Exploratory factor analysis (EFA) with orthogonal rotation was conducted for both stigma and social cohesion to assess unidimensionality, which was confirmed for both scales. The following two social cohesion items were dropped due to low factor loadings, which indicate correlation between the variable and underlying factor: (1) In the past 6 months, have you negotiated with or stood up against a non-MSM in order to help a fellow MSM or TGW/GQ?; (2) During the past 6 months, how often have you gone to a support group for gay men, MSM, or TGW/GQ? The remaining four social cohesion items exhibited high internal consistency on the scale (Cronbach’s alpha = 0.83), while the nine stigma items exhibited adequate internal consistency (Cronbach’s alpha = 0.62). Stigma and social cohesion scores were quantified by summing responses across the respective survey questions. Scores were dichotomized at the median for both stigma (median = 1) and social cohesion (median = 16), yielding final binary measures for both constructs. Dichotomization of scales has been used previously to quantify stigma and social support measures to ease interpretation, particularly when a skewed distribution is observed [34, 35].

EFA and scale dichotomization was conducted within the combined sample, as a sensitivity analysis demonstrated that performing these methods within the Harare and Bulawayo samples separately did not yield analytic differences in the results of the EFA or our final models (data not shown).

HIV Prevalence and Associated Behaviors

HIV test result determined during the survey was examined as the primary outcome variable. HIV testing behavior, condom use, and comprehensive HIV knowledge were examined as secondary outcomes. HIV testing behavior history was assessed by asking participants if they had ever received HIV testing prior to the survey. Condom use at last sex with main male partners, defined as the male partner with whom the participant had sex with the most in the past 6 months, and casual male partners was measured with a binary yes/no response. Comprehensive HIV knowledge was defined as correctly answering five questions about HIV transmission risk, aligned with the UNAIDS definition [36].

Analysis

All analyses were conducted using SAS version 9.4 (SAS Institute, Cary, NC, USA). A total of 70 participants who answered “don’t know” or “refused to answer” to stigma or social cohesion variables, or when asked if they had receptive or insertive anal sex at last sex with their main male partner, were excluded from analyses. Data were not imputed given that these cases represented < 5% of the analytic sample [37]. Harare and Bulawayo represented discrete analytic samples and, therefore, were analyzed separately. Within each city, TGW and GQ individuals were combined into a single group based on guidance from local key populations organizations and to ensure model convergence given the small number of non-MSM participants. All estimates are RDS-unadjusted as the sample did not reach convergence for HIV status; therefore, analyses were unweighted and did not account for sampling design.

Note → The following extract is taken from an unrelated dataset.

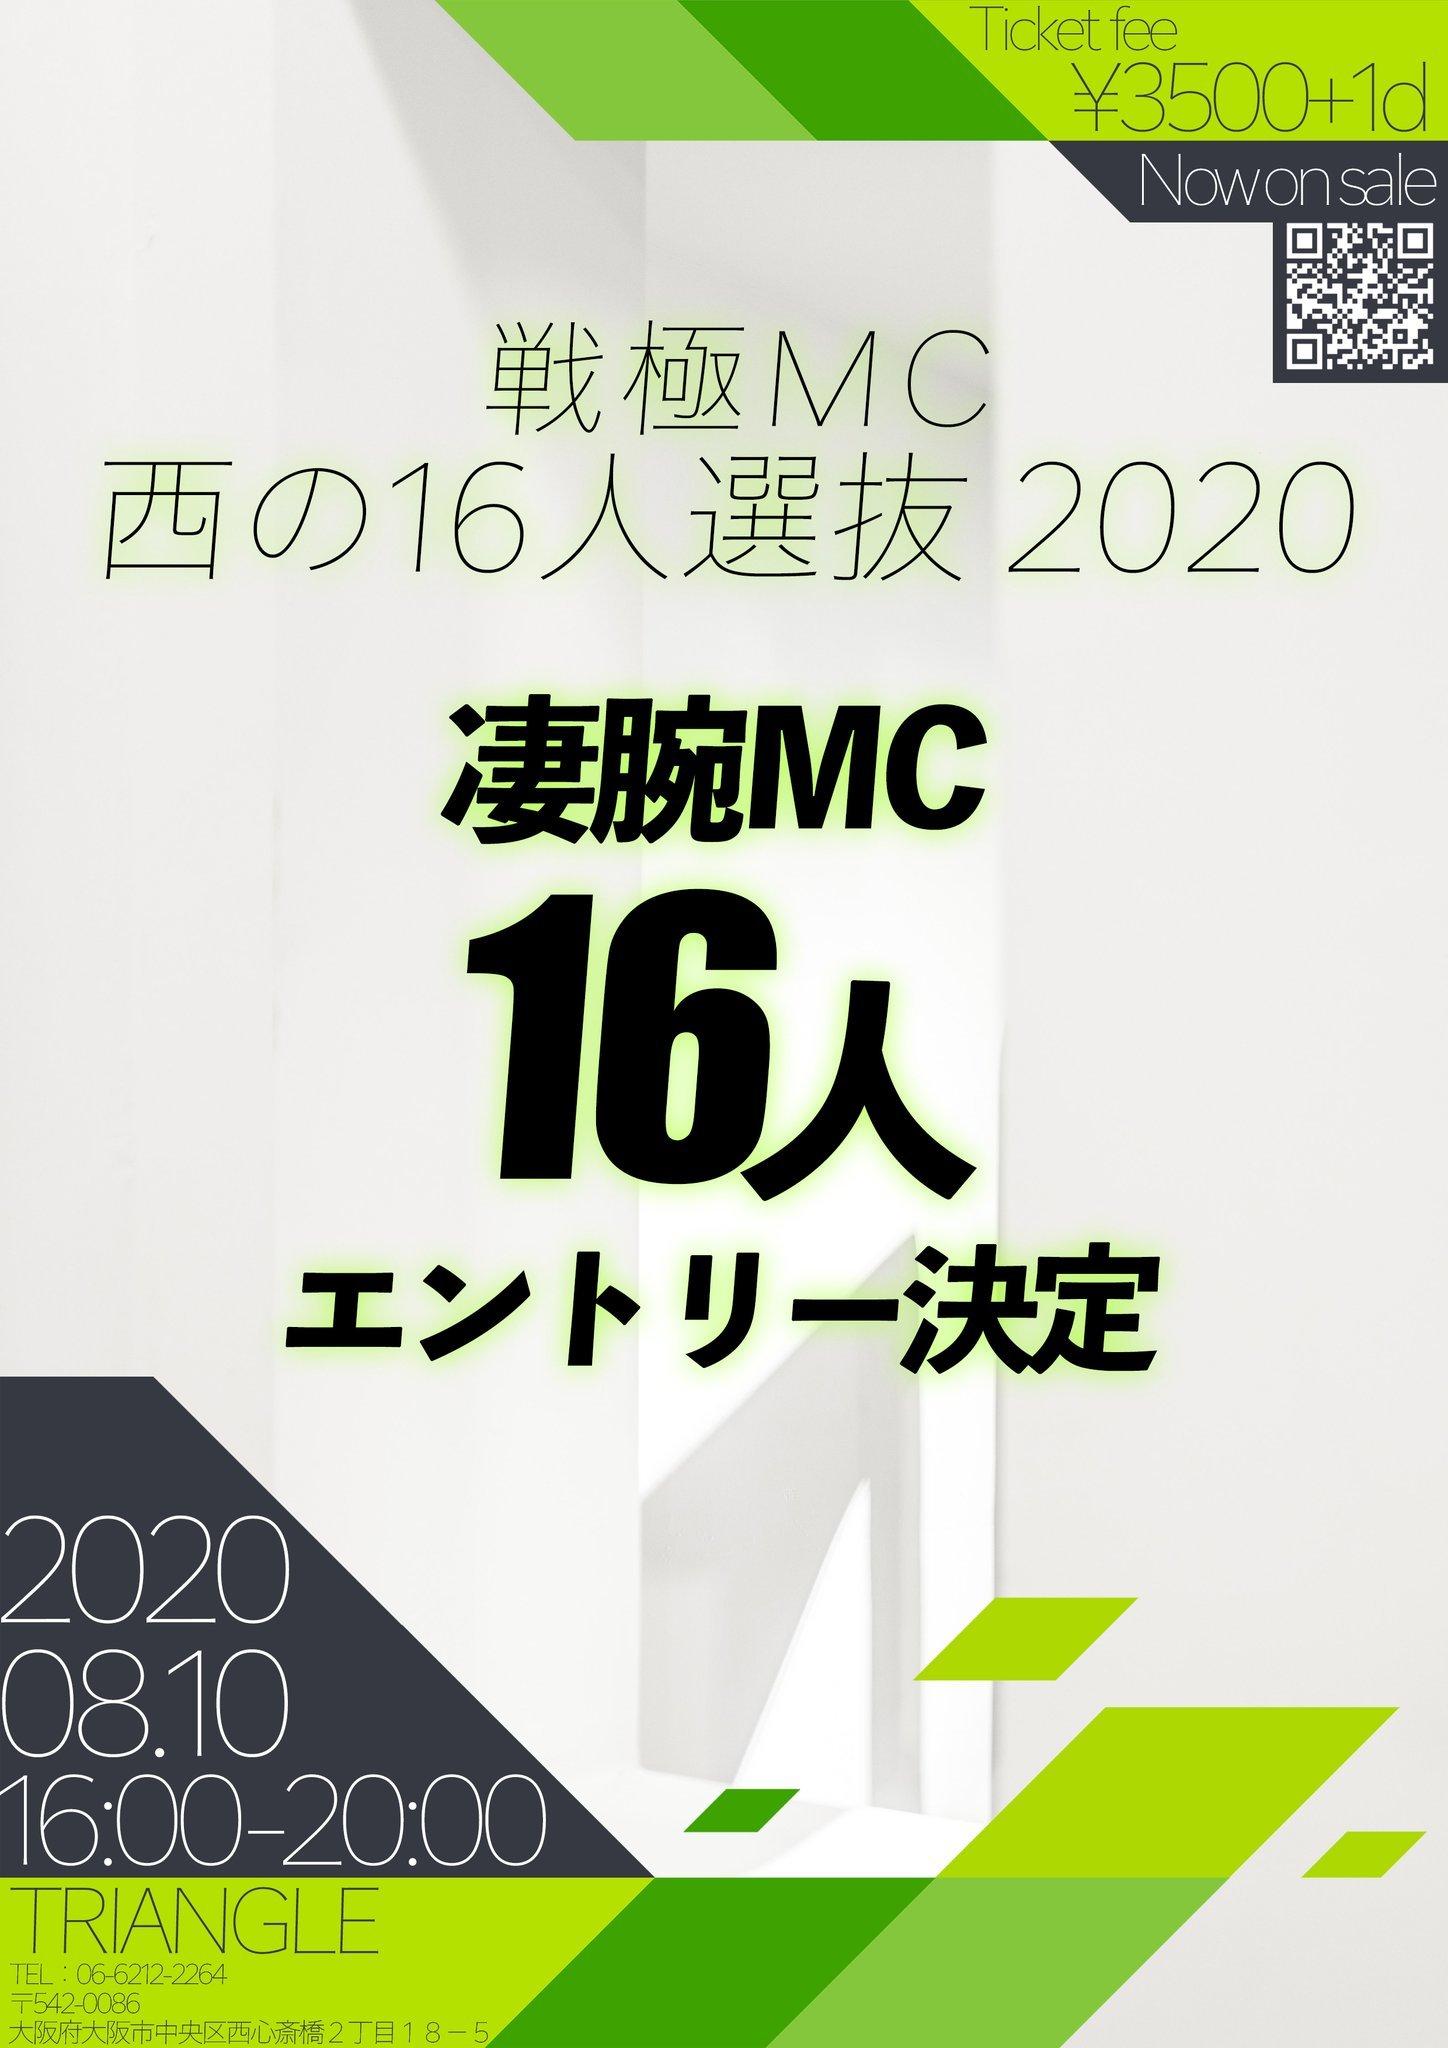 8/10 大阪にて戦極MC 西の16人選抜 2020 有料配信チケット販売開始!_e0246863_21312453.jpg

Chi-square tests, or Fisher’s exact tests in cases where 25% or more cell sizes were 5 or below, were used to assess associations between socio-demographic variables and levels of stigma and social cohesion. Relative risk regression was used to measure associations between stigma and the outcome variables of interest. This method was employed as it has been shown to provide more accurate measures of association given a cross-sectional design and non-rare outcome variables [38, 39], which was the case in our analysis, and effect measures are interpreted as prevalence ratios. To overcome the convergence issues associated with traditional log-binomial relative risk regression models [40], a Poisson distribution with robust error variance was used with participants’ coupon number serving as the subject ID. Separate bivariate regression models were fit to assess the main effect of SGM stigma on the primary and secondary outcomes of interest, including HIV status, HIV testing behavior, comprehensive HIV knowledge, and condom use at last sex with both main and casual male partners. Multivariable models were fit to examine the effect of SGM stigma on the outcome variables while adjusting for age and SGM group, which were identified as potential confounders based on causal theory and descriptive statistics. Although marital status and education were also identified as potential confounders, they were ultimately excluded as co-variates given that they were not significant in any models and did not provide sufficient cell sizes for each stratum. Finally, in order to examine social cohesion as a potential moderator, social cohesion and its interaction with SGM stigma were added to any multivariable regression models in which SGM stigma was significantly associated with the outcome in adjusted analyses. All models were additionally fit to a sample restricted to MSM in a post-hoc analysis performed to examine the potential for differences between SGM groups.

Results

Participant Characteristics

Of the 1538 MSM and TGW/GQ individuals in Harare (n = 718) and Bulawayo (n = 820) who were enrolled in the BBS and interviewed using the questionnaire, 1511 (98.2%) consented to HIV testing. In Chi-square and Fisher’s exact tests, biomarker testing consent was associated with income (χ2 = 16.71, p = 0.0002), education (χ2 = 9.46, p = 0.01), and marital status (Fisher’s exact p = 0.01). Biomarker testing consent was also associated with social cohesion, in that participants with low social cohesion were significantly less likely to consent to HIV testing compared to those with high social cohesion (χ2 = 178.18, p < 0.0001). Participants who did not consent to HIV testing were excluded from the analytic sample.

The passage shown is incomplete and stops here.